Kerjaya Prospek Group Bhd (April 3, RM2.60)
Maintain outperform call with a target price (TP) of RM3.10: Last Friday, Kerjaya Prospek Group Bhd announced that it had secured a housing project worth RM31.6 million from Bina BMK Sdn Bhd.
The scope of works comprises main building works for 32 units of three-storey terrace houses at Eastern & Oriental Bhd’s (E&O) Bandar Tanjung Pinang (Phase 1) in Penang slated for completion by Sept 21, 2018.
This marks Kerjaya’s first win for the year and we are “neutral” on the award as it is well within our financial year 2017 estimate (FY2017E) replenishment target of RM1.6 billion, only making up 2% of our target. Assuming a profit before tax margin of 14%, the project is expected to contribute about RM2.2 million to Kerjaya’s bottom line per annum.
Recently, Kumpulan Wang Persaraan (Diperbadankan) [KWAP] injected RM776 million into E&O’s Seri Tanjung Pinang (STP) Phase 2A for a 20% stake. The RM776 million proceeds will fund reclamation works of about 250 acres (101.17ha) of land, infrastructure costs and working capital.
We believe this collaboration between E&O and KWAP to jointly develop the STP Phase 2A project in Penang would expedite the award process, and is poised to benefit Kerjaya given that E&O has been a long recurring client of Kerjaya.

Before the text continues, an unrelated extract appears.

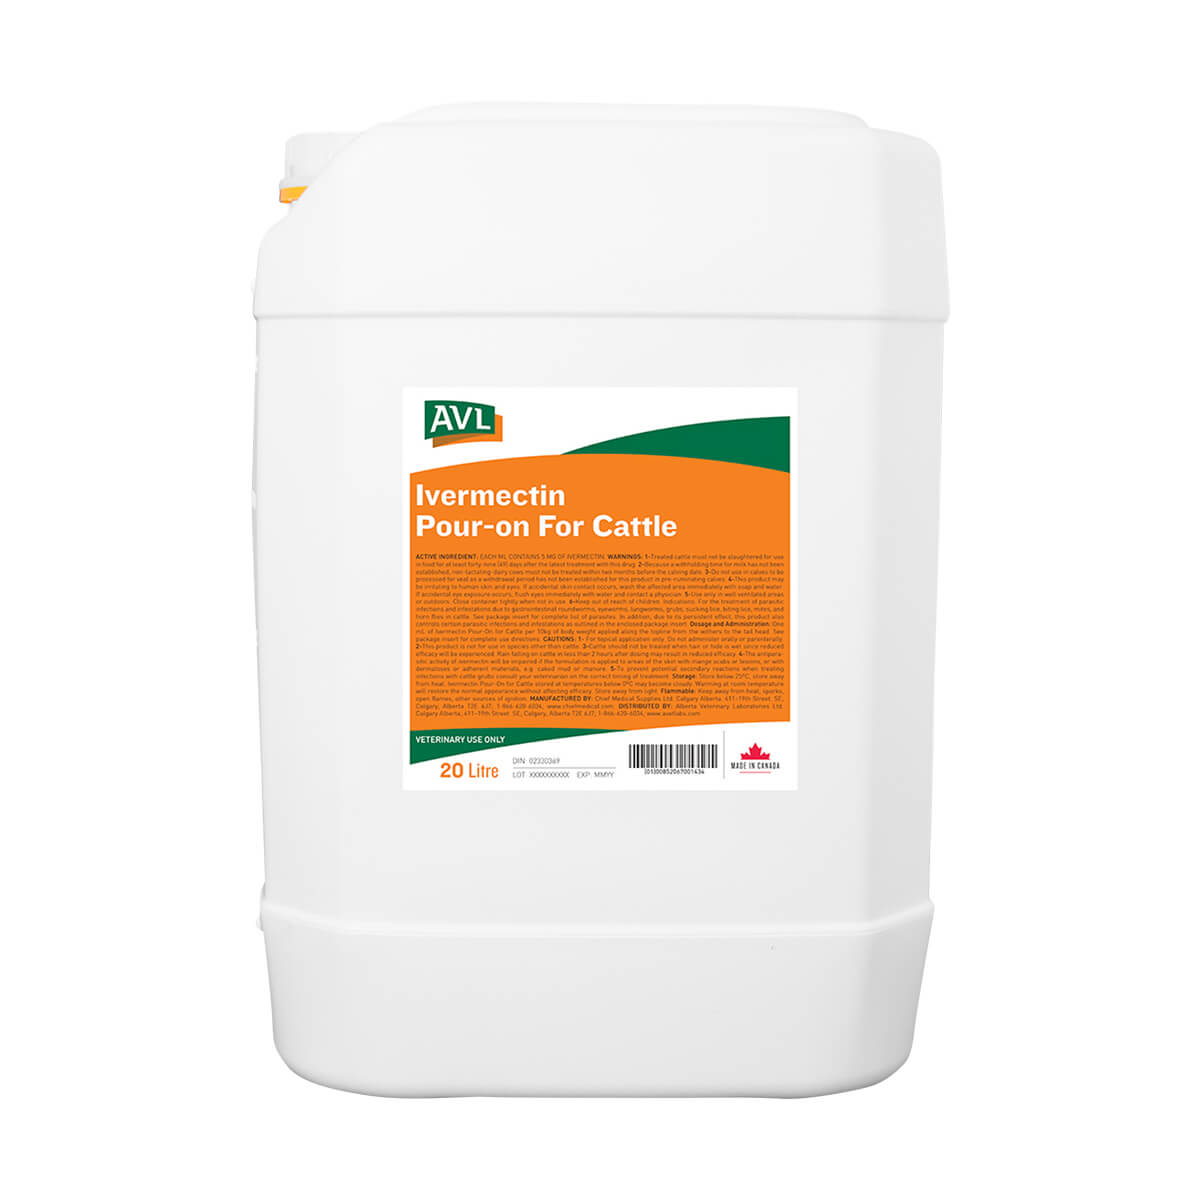 AVL Ivermectin Pour-on For Cattle - 20 L

In addition, we note that Kerjaya is already on-site executing channel dredging works for STP Phase 2 (awarded back in March 21, 2016), which is part of STP 2 reclamation works. Hence, we are optimistic about Kerjaya’s ability to secure more packages for the STP 2 development in FY2017E.
Currently, Kerjaya’s outstanding order book stands at about RM2.7 billion, providing healthy earnings visibility for the next 2.5 years. Post award, we make no changes to our FY2017E to FY2018E core net profit RM125.9 million to RM146.3 million.
We reiterate “outperform” with a higher sum-of-parts-derived TP of RM3.10 (from RM2.64) as we roll forward our construction and property valuations to FY2018E. Our new TP implies 12 times FY2018 price-earnings ratio in line with our targeted peers’ range of nine to 13 times.
While our valuation is at the higher end of our targeted range, we deem it fair considering that Kerjaya’s net margins of about 12% remain superior over peers’ (Mitrajaya Holdings Bhd, Hock Seng Lee Bhd and Kimlun Corp Bhd) average of 9%.
Risks to our call include lower-than-expected replenishment and margins, and delays in construction works. — Kenanga Research, April 3
This article first appeared in The Edge Financial Daily, on April 4, 2017.